One response to “Saving Education

  1. Fritz —

    The William D. Kelley elementary school in Philadelphia is, I am assuming from what you’ve written, a school with a predominately black student attendance.

    I am not sure of your targets for blame regarding the shortfalls in education of blacks in public schools. Is it no “community” or blacks “lost in the shuffle” (whatever that means) or teachers or the teacher’s union or government education departments or what?

    You write, “Students in Philadelphia are being denied the tools to lift them out of a culture of victimhood, poverty, and crime.” What, exactly, are those denied tools?

    Why doesn’t anyone ever suggest that maybe it’s the students themselves who are the problem? Maybe it is shortfalls in intellectual and cultural development of sub-Saharan blacks whose predecessors came to the U.S. Maybe the teaching methods, techniques, curriculums, and teaching protocols are simply not suited to black learning. Maybe blacks, from a collective viewpoint, simply have no interest in learning for learning’s sake. Maybe blacks can’t see an immediate gratification from learning a subject’s material and thus have little to no interest in learning unless it is viewed as instantly rewarding. Perhaps a shortfall in abstract thinking ability, in terms of envisioning benefits in the future, prevent blacks from embracing a desire to learn.

    I am also quite sure that the William D. Kelley school is not unique among schools catering to majority black populations. Let me ask you this, why are the methods, techniques, study curriculums, study course syllabuses, teaching tactics, etc. effective for most Asian, white, and Latino students, but not for blacks? Shouldn’t we be looking at inherent black learning desires and capacity restrictions when other ethnicities do mostly fine with today’s approaches to teaching?

    The persistent drumbeat that all are created equal and applying it to blacks, and with no distinction between a biological equality and an opportunity leads the education and political communities to focus on teaching competence or educational funding as the issue. For example, I believe we should scrap Black History Month. It is irrelevant to learning and is solely about projecting undeserved black pride. Perhaps a black history hour or day would be more appropriate in recognizing the small number of benefits that blacks have actually contributed to mankind’s development.

    Yes, for one-month, black people get to brag that their race has produced men and women on par with the best whites. But they show no desire to carry on the work of these illustrious characters. But after the fanfare, forgotten black thinkers revert to being interesting subjects only for scholarly whites.

    Giving blacks a month to promote their historical achievements is pointless if their attitude towards learning stays the same. The heroes of the black community will always be entertainers and sports figures, not forgotten intellectuals such as Abram Harris (economist/anthropologist), Walter Williams, and Thomas Sowell or entrepreneurs such as Daymond John, Robert L. Johnson, and Elijah McCoy.

    Obviously, there are brilliant black intellectuals, but in general, blacks aren’t interested in scholarship. Politicians and the education bureaucracy should stop deluding themselves; blacks quite simply do not care deeply about learning. Writing about the collective population, caring about learning is simply “not who blacks are.”
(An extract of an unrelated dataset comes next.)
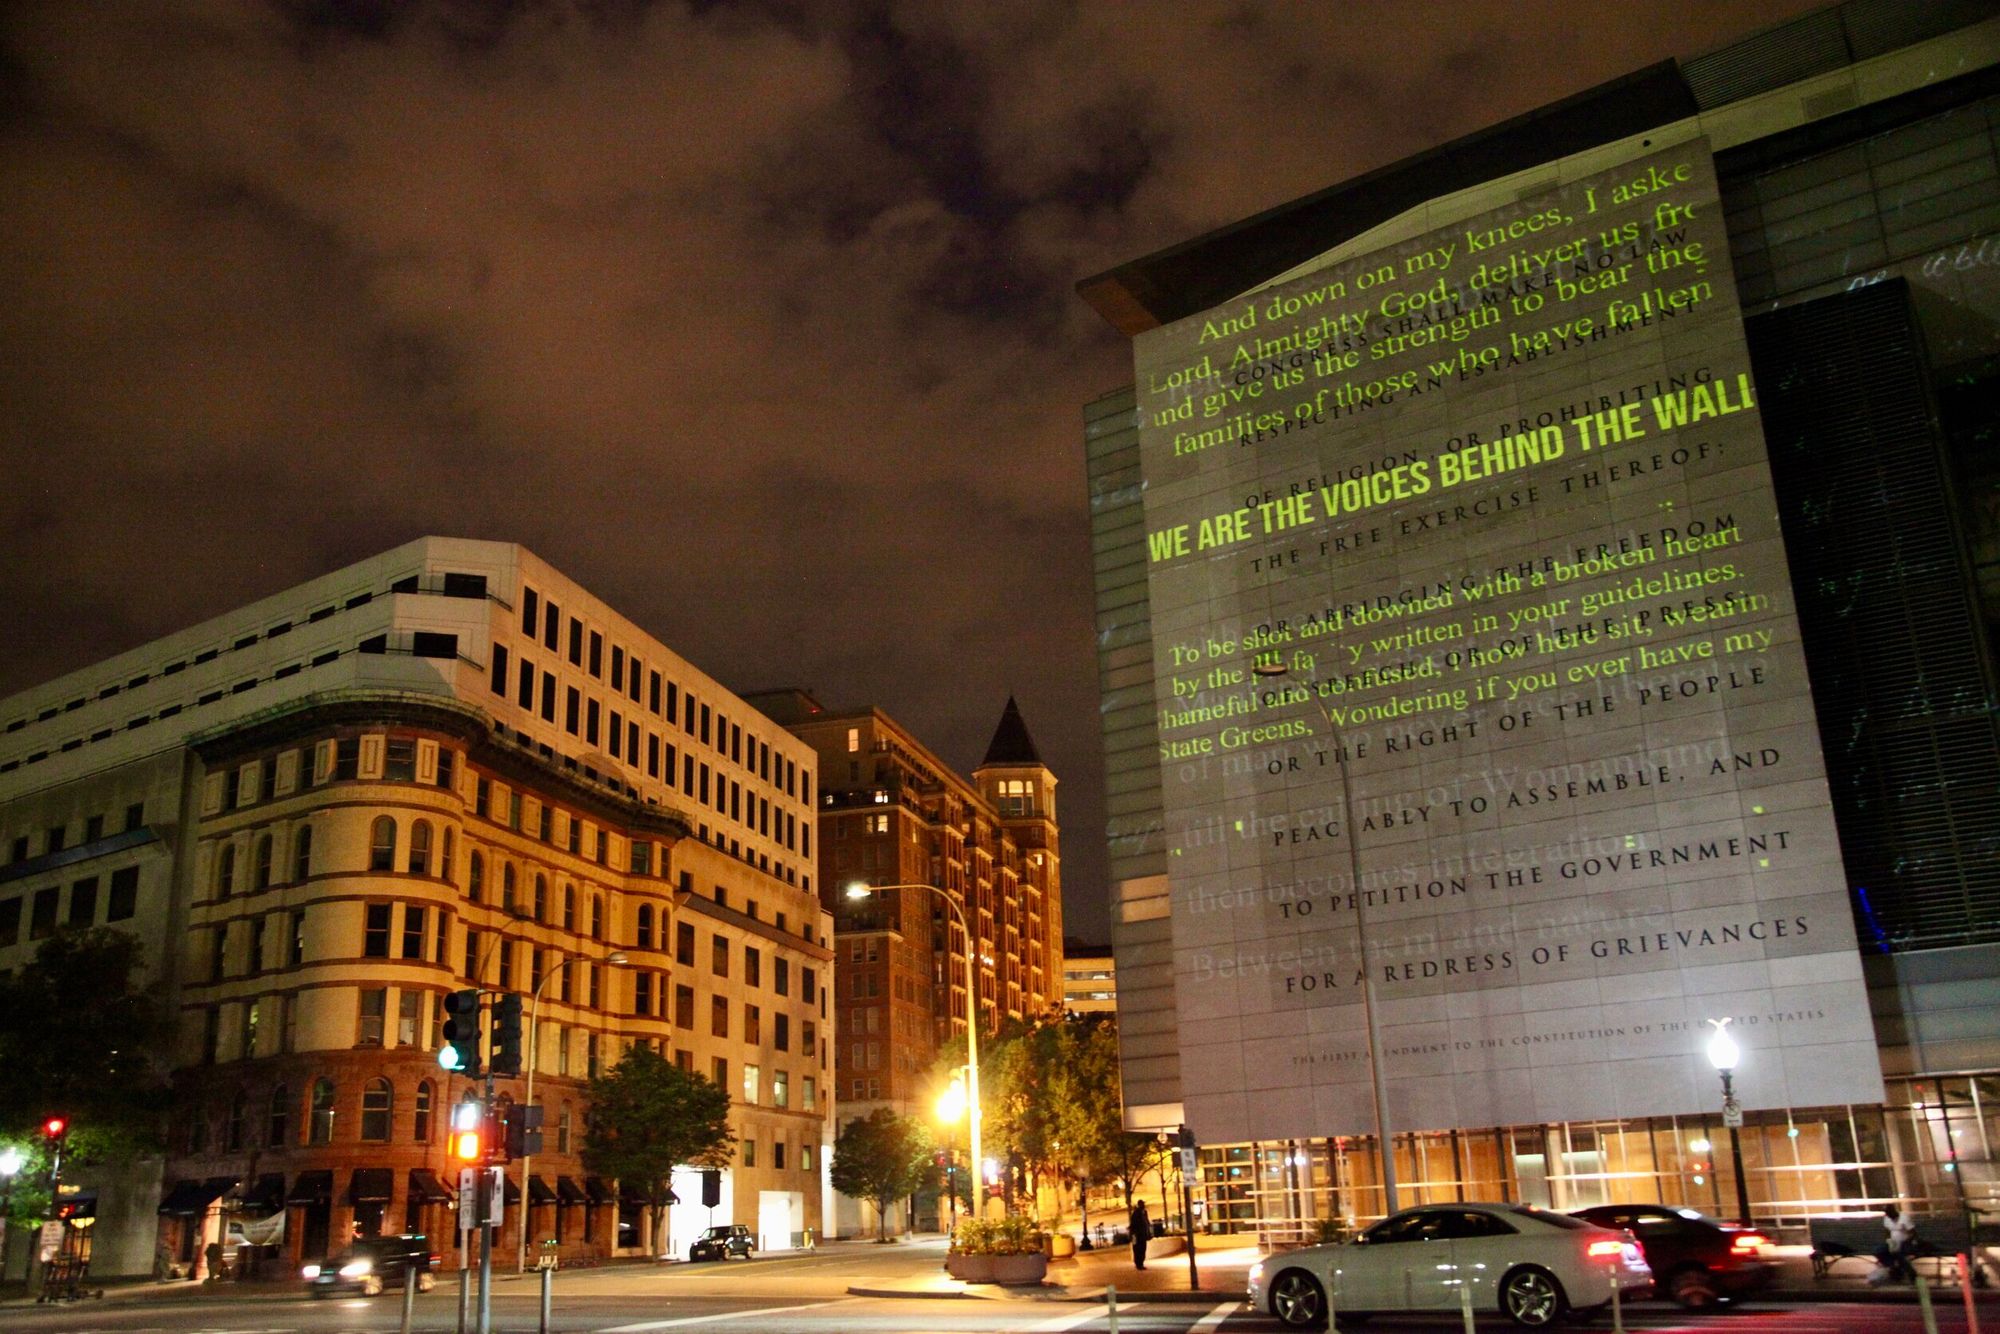 A street scene set at night that shows two buildings. On one building to the right, there is a large projection of text that scales the entirety of the building. The text reads "WE ARE THE VOICES BEHIND THE WALL."

    I believe that blacks rarely value knowledge for its own sake. If it doesn’t help him financially and quickly, learning is unimportant to the average black. I suspect that many blacks are happy to study something to get a degree and a decent paying job but learning something for its own sake is a meaningless anecdote. Black people can appreciate someone getting a graduate degree to boost his income, but they can’t fathom why he would read Hegel for leisure.

    No, until teaching processes are tailored specifically to blacks, and the subject matter customized for individual or small collectives of black interests, the education failures involved with advancing black contributions to society will always exist. The real problem has to be identified, defined, and analyzed, and instruction/teaching tailored accordingly. And yes, segregation of ethnicities in education must be part of the solution.